2026 Basketball Champions League Asia – East

Tournament details
- Dates: March 27 – May 24, 2026
- Teams: 7

Final positions
- Champions: South China
- Runners-up: Taoyuan Pauian Pilots
- Third place: Chinggis Broncos
- Fourth place: Dewa United Banten

Tournament statistics
- MVP: Glen Yang (South China)

Official website
- 2026 Basketball Champions League Asia – East

= 2026 Basketball Champions League Asia – East =

The 2026 Basketball Champions League Asia – East (BCL Asia – East) was the qualification tournament for the 2026 Basketball Champions League Asia. The tournament involved teams from the East Asia (EABA) and Southeast Asia (SEABA) sub-zones of FIBA Asia.

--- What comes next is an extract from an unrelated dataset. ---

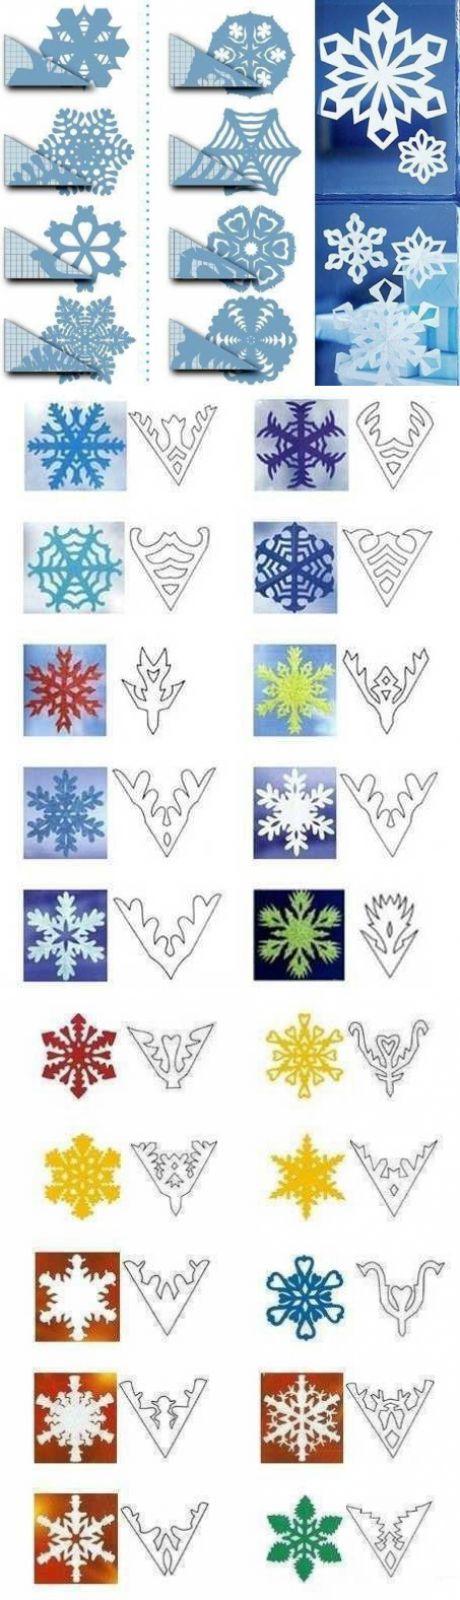 Снежинки из бумаги шаблоны для вырезания - 50 штук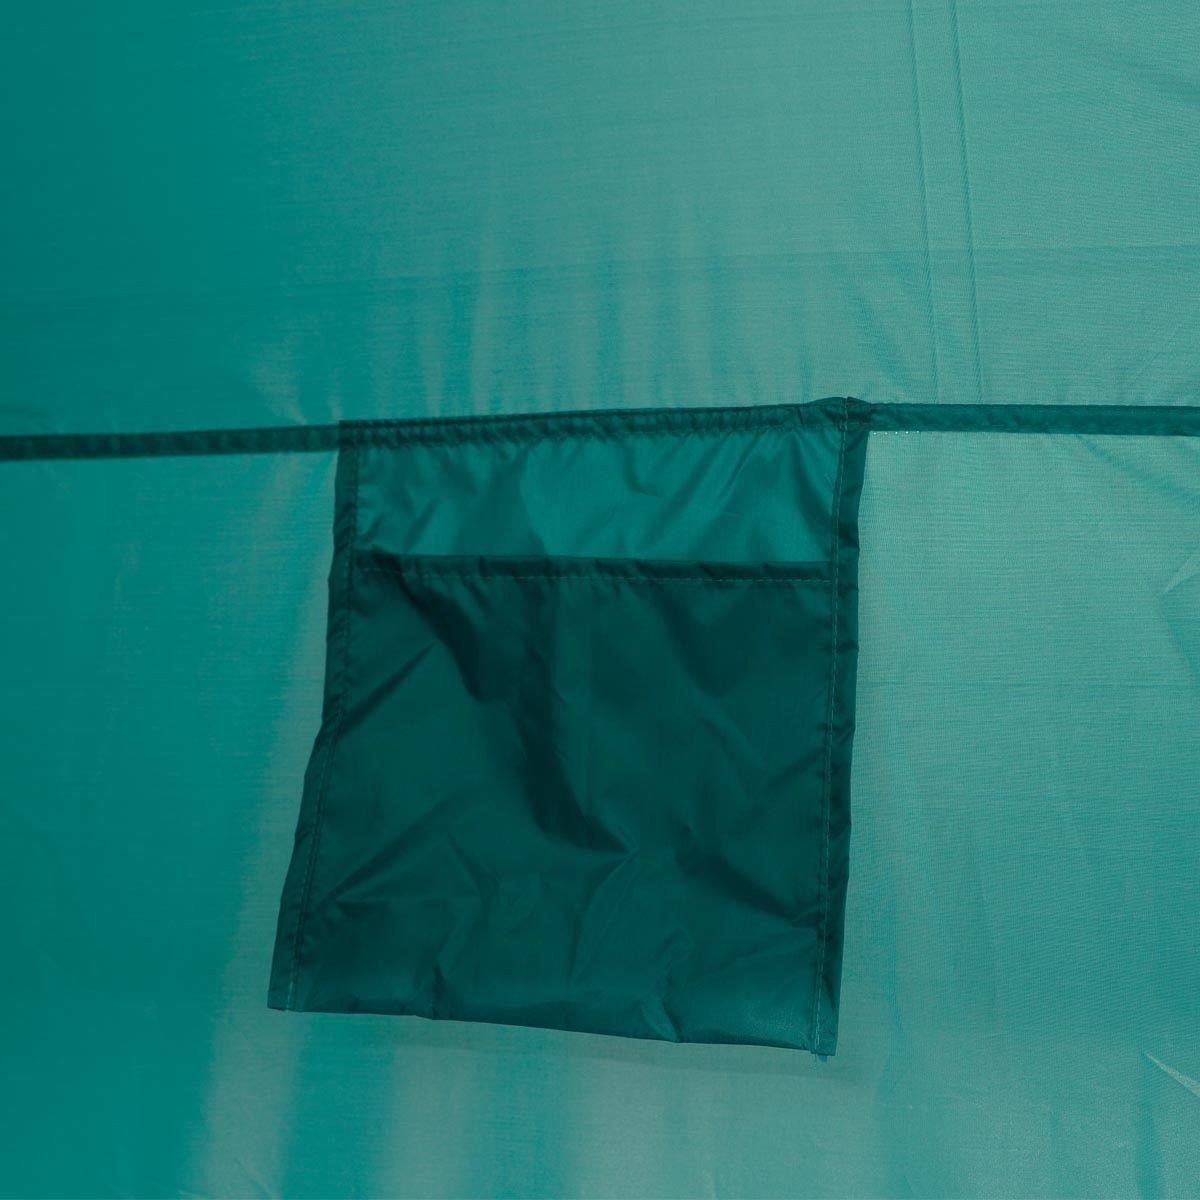 Generic NV_1008000885_YC-US2 GreenFis Toilet Changing Bathi Portable Pop ilet Tent Camping ing T UP Fishing & Bathing ampin Room Green Portabl by Generic (Image #8)

The games were held on March 27 to May 24, 2026, and two teams advanced to the 2026 Basketball Champions League Asia. On September 3, the FIBA announced that 2026 Basketball Champions League Asia was cancelled.

== Entrant teams ==
The seven teams participated in the following games.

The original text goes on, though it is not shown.